During the entire detection process, the communication overhead of vehicle-to-roadside and inter-vehicles does not increase compared with the literature.¹⁷ The detection accuracy has no restrictions on the proportion of replica identities in the local area.

Organization

The rest of the paper is organized as follows: section “Related work” reviews the related work and then introduces the network architecture and the security models in section “System model.” Section “Replica attack detection scheme with sequential trajectory segment” presents the novel replication detection schemes and their underlying rationales. Performance evaluation and experimental validation are reported in section “Performance evaluation.” Section “Conclusion” summarizes the work and concludes the paper.

Related work

At present, the solutions of replica attack detection have been widely researched in WSNs. The related research work has not been addressed in VANETs. Therefore, in this section, we study the detection schemes of related problems in WSNs.
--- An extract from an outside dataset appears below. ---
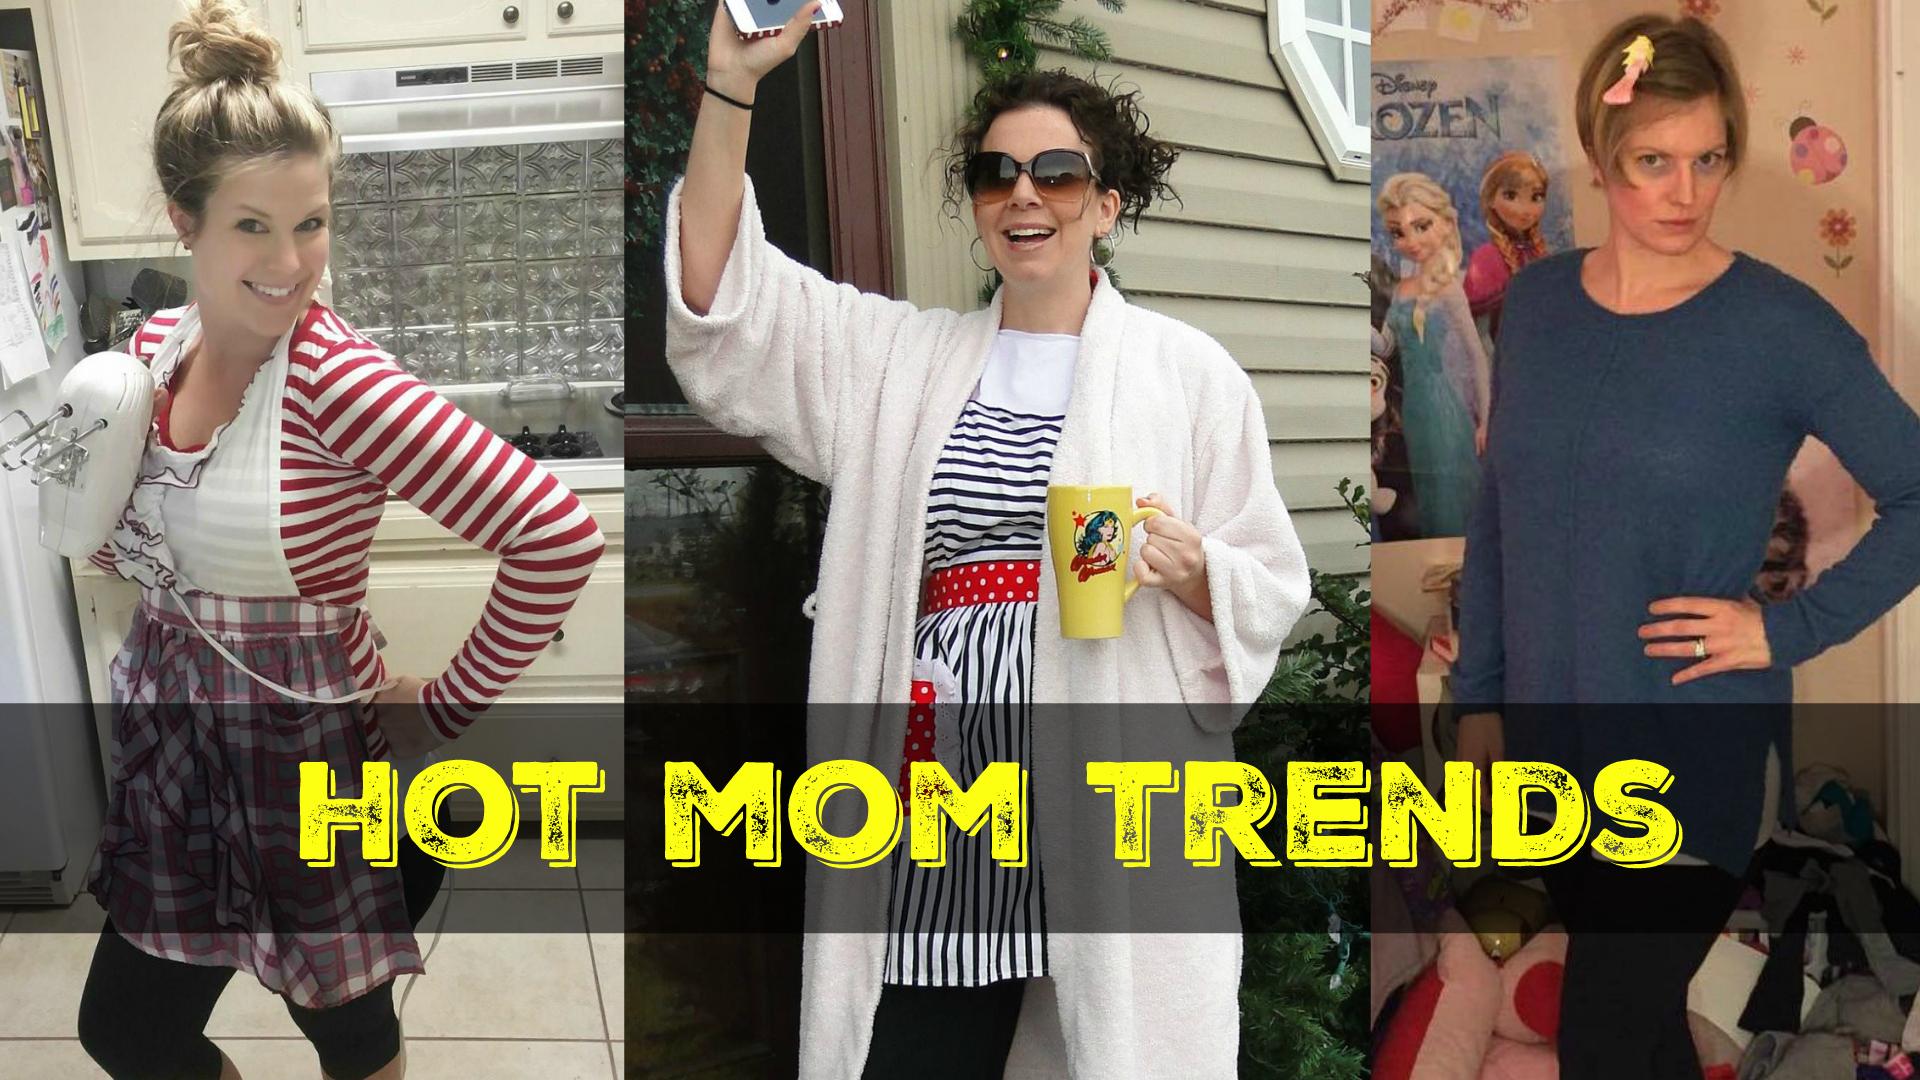 Hot Mom Trends Awards Season Fashion Police Spoof

One previous line of research has been devoted to address the issue in stationary WSNs.^4,18–20 The primary idea is that witness nodes check whether the same ID in different locations has conflicting declarations. The witnesses can be randomly selected, probably chosen, or chosen from the routing path. Obviously, the effect of replica attack detection mainly relies on the selection of witness nodes. More importantly, the node locations are required to be fixed. Meanwhile, replica detection schemes in stationary sensor networks are usually based on these security assumptions for which the benign nodes are majority, or a global sink node is required to make a judgment. This would initiate other serious issues such as bottleneck node, single point failure. Therefore, Wang and Yang²¹ put forward the idea of importing mobile node to detect replica attack in stationary WSNs. Leveraging a mobile node as the mobile sink, it not only alleviates the bottleneck phenomenon but also avoid single point failure. However, the scheme will incur additional communication and computation overhead for simultaneous localization among stationary nodes. To further reduce the detection overhead, Chen et al.²² present a mobile detection method, in which the mobile sink patrols the network and gathers data to accomplish the task of replicas detection. This solution performs effectively and efficiently with a small and well-balanced overhead. It relies on neither location mechanisms nor time synchronization algorithms. However, this method requires the mobile sink to be absolutely honest.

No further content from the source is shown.